In 2006, a share of a Nifty company typically changed hands once every 16 months. This calendar year, the average holding period has declined to 11 months.
This approach is quite a contrast from that of billionaire investor Warren Buffett, who famously said that the best time to sell a stock is “never". This tenet of Buffet, named in a recent Bloomberg poll as the best assessor of financial markets, doesn’t seem to have much currency among Indian investors.
However, this doesn’t take into account promoter trading. Also, it ignores the behaviour of traditional institutions such as the Life Insurance Corp. of India and the erstwhile Unit Trust of India, which tend to buy and hold for long periods. The erstwhile Unit Trust has been split into a mutual fund unit and a special investment unit that caters to investors in specific schemes.
“Value investors account for only 10% of the market," said Parag Parikh, who runs a financial services firm named after him, and is the author of the book Value Investing and Behavioural Finance.

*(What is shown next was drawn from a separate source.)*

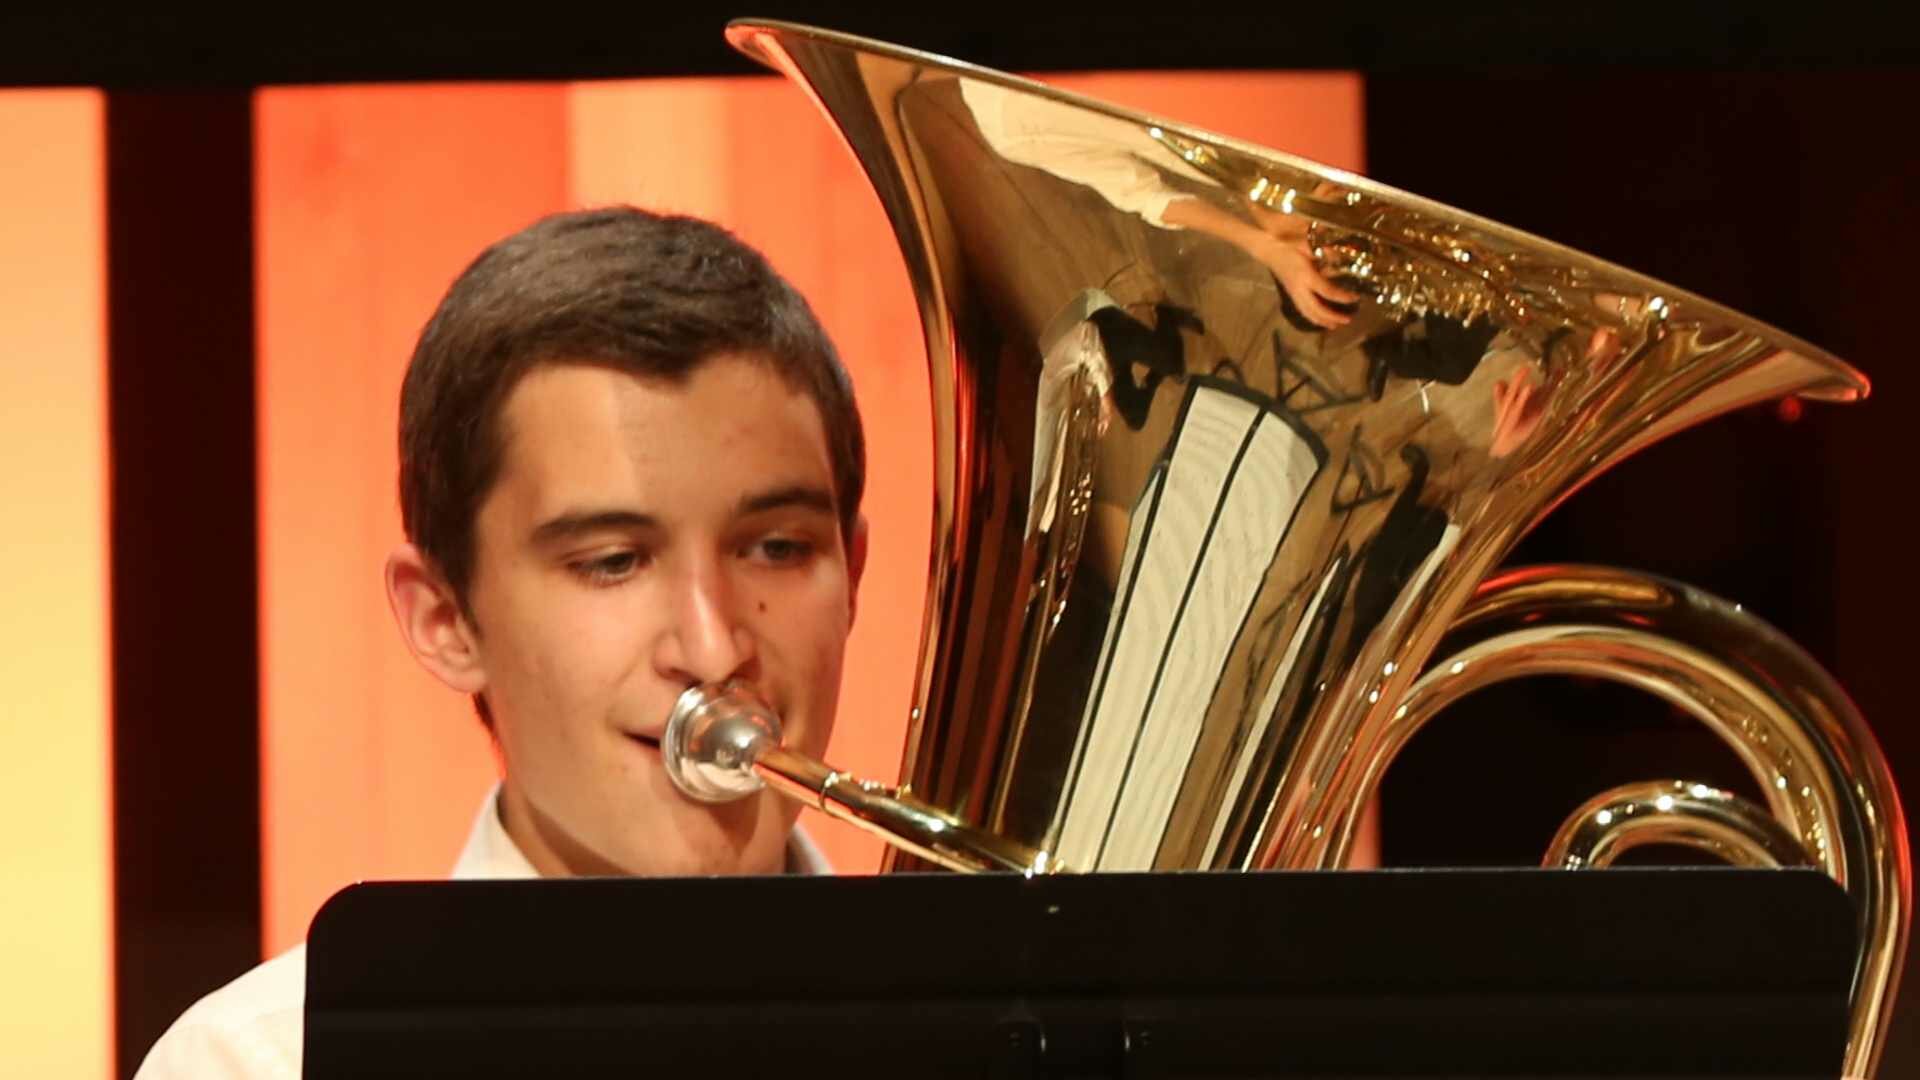 Mátyás Kapitány spielt Tuba auf einer Konzertbühne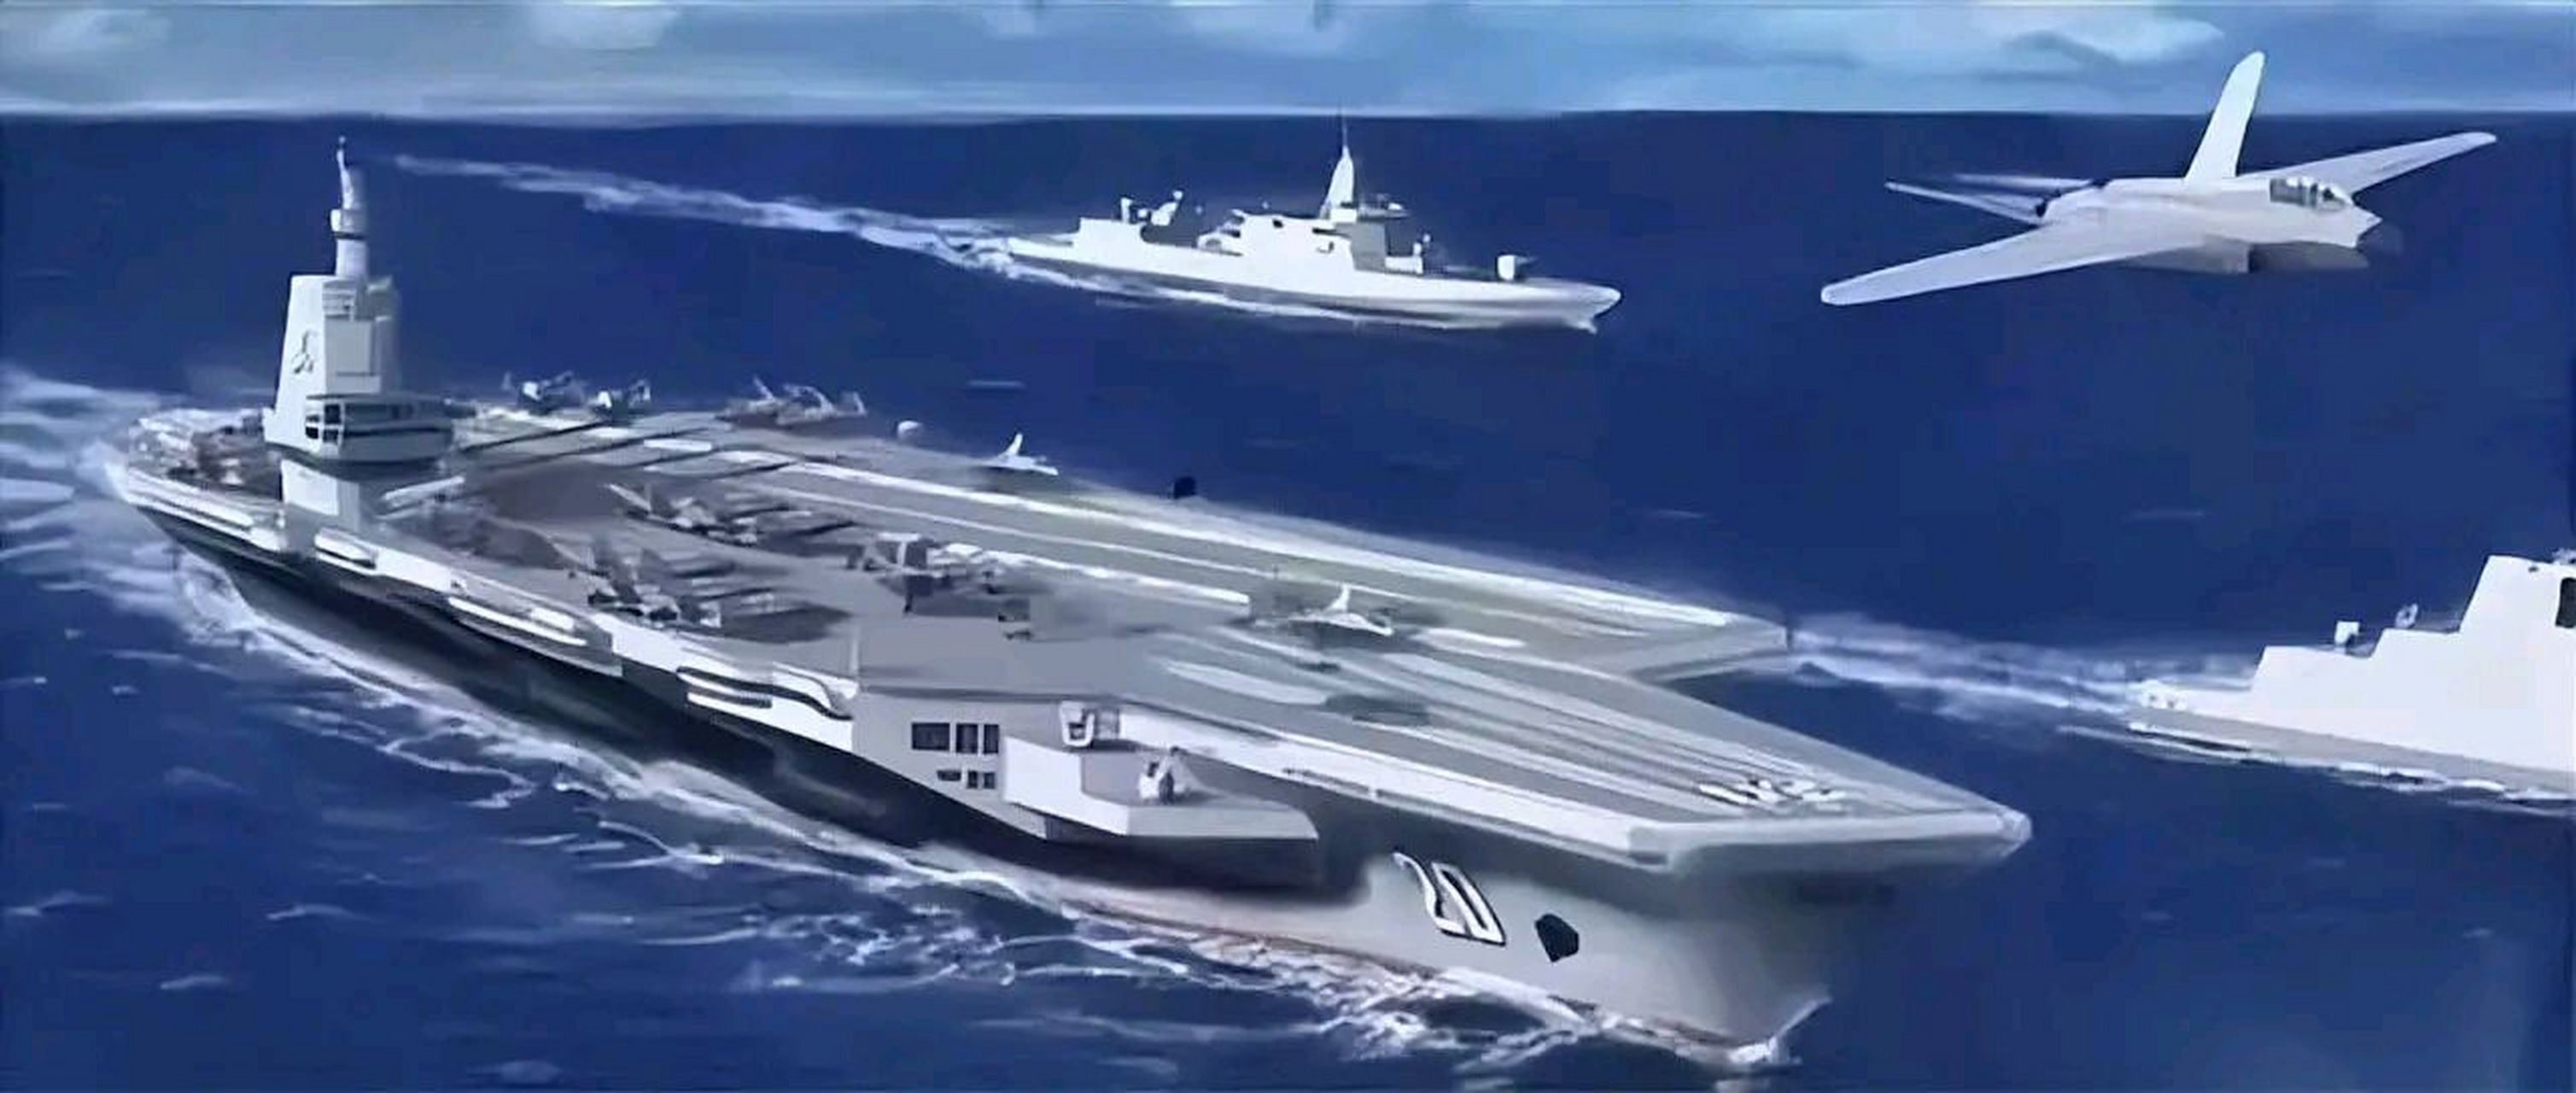 美专家:中国的004型航母,预计十一万吨,动力系统采用核动力,将由中船

“As for institutions, they are always timing and trading. (Retail investors) are always looking for tips, they see CNBC and start trading."
Access to markets and related information has improved in the last 5-10 years. While dematerialization, or conversion of paper shares into electronic form, started in the beginning of this decade, the last five years have seen the emergence of at least half a dozen online brokerages.
Although there are no industry-wide estimates, top online brokers have reported a doubling in the number of subscriptions in the past four years. ICICI Direct, a unit of ICICI Bank Ltd, said its customer base has risen to 1.9 million, while Sharekhan Ltd said its subscribers number 900,000.
What has also helped is that the cost of transactions have come down for investors. Despite recent levies such as the securities transaction tax and service tax on brokerage, the cost of a transaction for a deliverable trade ranges between 0.25% and 0.75% of the value, according to Anup Bagchi, executive director at brokerage ICICI Securities Ltd. This was 2.5-3% before the introduction of online trading. Intra-day transactions, where positions are squared by the end of the trading session, are even cheaper at 0.05%, down from 0.15% five years ago, Bagchi said.
Financial news is available from a variety of sources. There are at least six business news channels in English and Hindi and an equal number of financial newspapers in English, including Mint.
The churn is also due to the private life insurance and mutual fund industries, whose fee structure incentivises the frequent churning of investor portfolios. The equity holdings of insurance firms amount to Rs2.8 trillion and that of mutual funds, Rs1.7 trillion.
“In a market that is very volatile, that (churning of share holdings) is bound to happen," said Ved Prakash Chaturvedi, chief executive officer of Tata Asset Management Ltd, which manages some Rs20,000 crore.
Indian stock prices have seen dizzying fluctuations in the past four years. The Sensex, the benchmark equity index, vaulted around 45% in both 2006 and 2007. The next year it plunged 52% before gaining 60% this year to date.
While Mint couldn’t analyse data separately to study the behaviour of institutional investors, anecdotal evidence suggests that they too are increasingly churning shares.
“Many of them (institutions) are alpha-seeking though there is no proof that greater churn yields better returns," said Jagannadham Thunuguntla, head of equities at Delhi-based SMC Capitals Ltd, which compiled the shareholding data for this story.
The alpha of a stock or a fund refers to its excess return over a benchmark. Classic hedge funds use a so-called long-short strategy to generate alpha, for example, by buying auto company shares while shorting or selling steel company shares in anticipation of metal prices going down.
Also, many fund managers are constrained by redemptions or inflows into their funds that may not coincide with the best time to buy or sell in the market.
“The customer decides when I will buy and when I have to sell," said Nilesh Shah, deputy chief executive officer of ICICI Prudential Asset Management Co. Ltd, which manages Rs80,524 crore of assets. “When they decide to redeem, I have to necessarily sell even if isn’t the right time to do so."